Upon returning from overseas, the father saw the contract and immediately notified his attorney that a mistake had been made. The church wanted to proceed under the contract terms, but the father refused. The father filed suit seeking rescission of the contract due to unilateral mistake, i.e., his failure to detect an erroneous price in a contract. The church sued for specific performance of the agreement. The owners presented evidence that they would not have agreed to the price, notably declining to sell a five to six acre section of their parcel for $750,000 a year earlier. However, evidence was submitted that the value of the property without improvements and approvals needed for development would have resulted in a value of only $147,000. The lower court ruled that the parcel’s owners established a unilateral mistake on their part, but had not established the inequity or uncertainty needed to warrant either rescission or avoidance of specific performance. The Court found there was no evidence of overreaching, misrepresentation or fraud by the church when dealing with the owners’ son, and that the owners failed to establish that the sale price was unconscionable. It granted specific performance.

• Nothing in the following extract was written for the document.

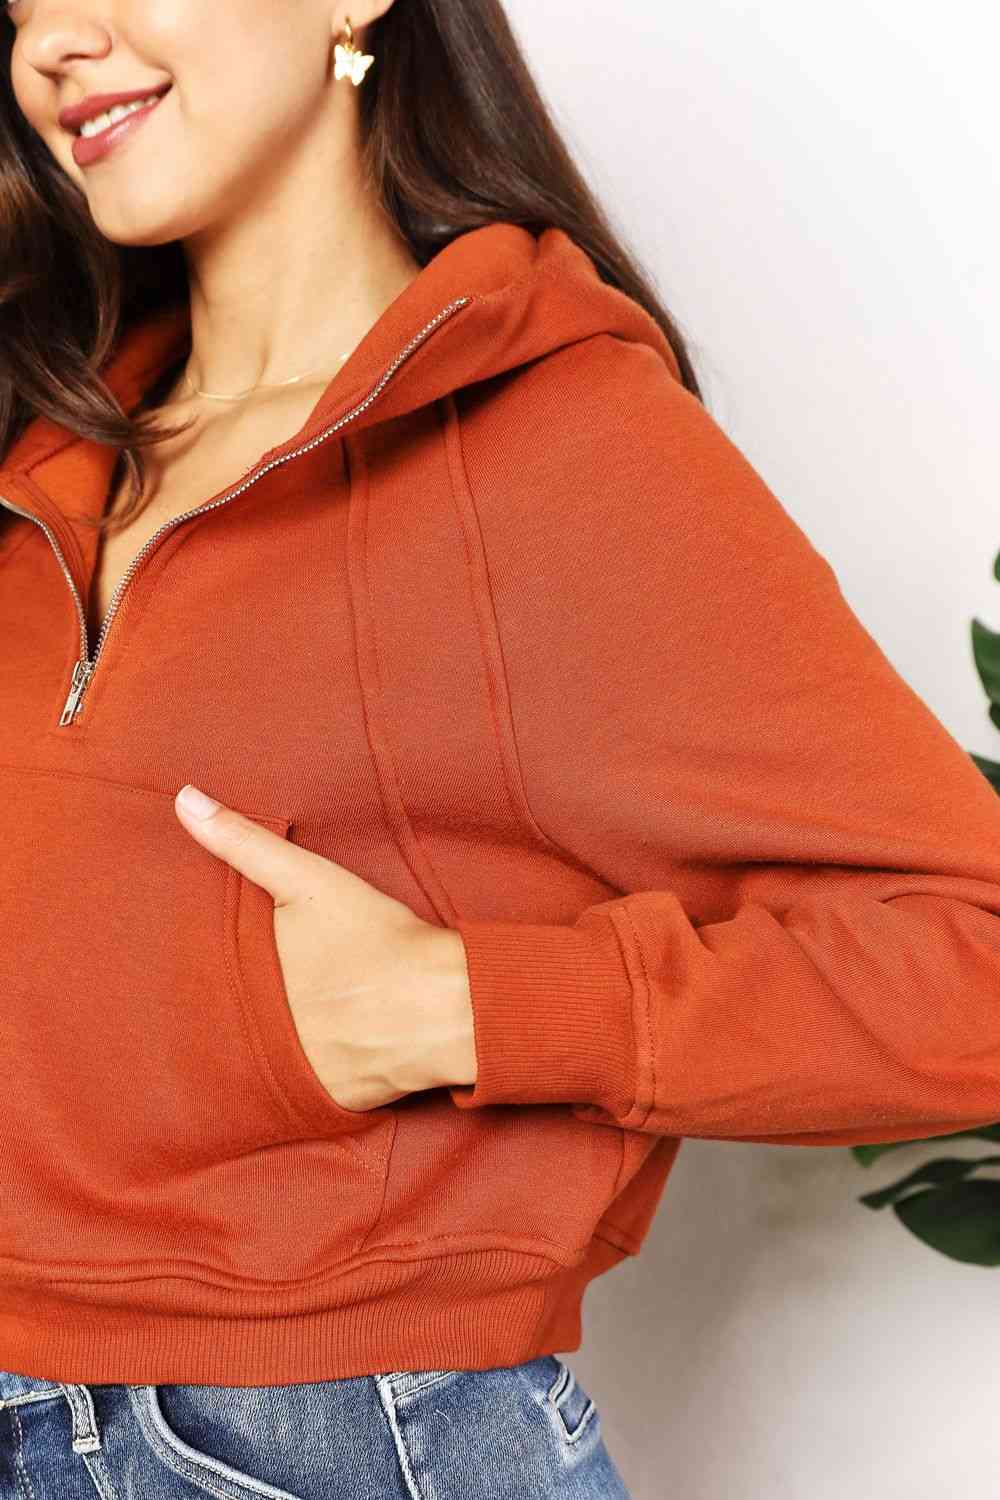 Get trendy with Double Take Half-Zip Long Sleeve Hoodie - Hoodie available at Styles Code. Grab yours today!

The Appellate Division affirmed, holding that rescission of a contract is a remedy for a unilateral mistake, but only where the mistake is of sufficient consequence to make the contract unconscionable, in a situation where the mistake relates to a material feature of the contract, and had been made by one who had exercised reasonable care. The Court found the lower court was not required to accept the earlier rejected offer of $750,000 as proof sufficient to establish that the sale price was unconscionable, when another expert report offered a much lower valuation of the unimproved land in its then as-is condition.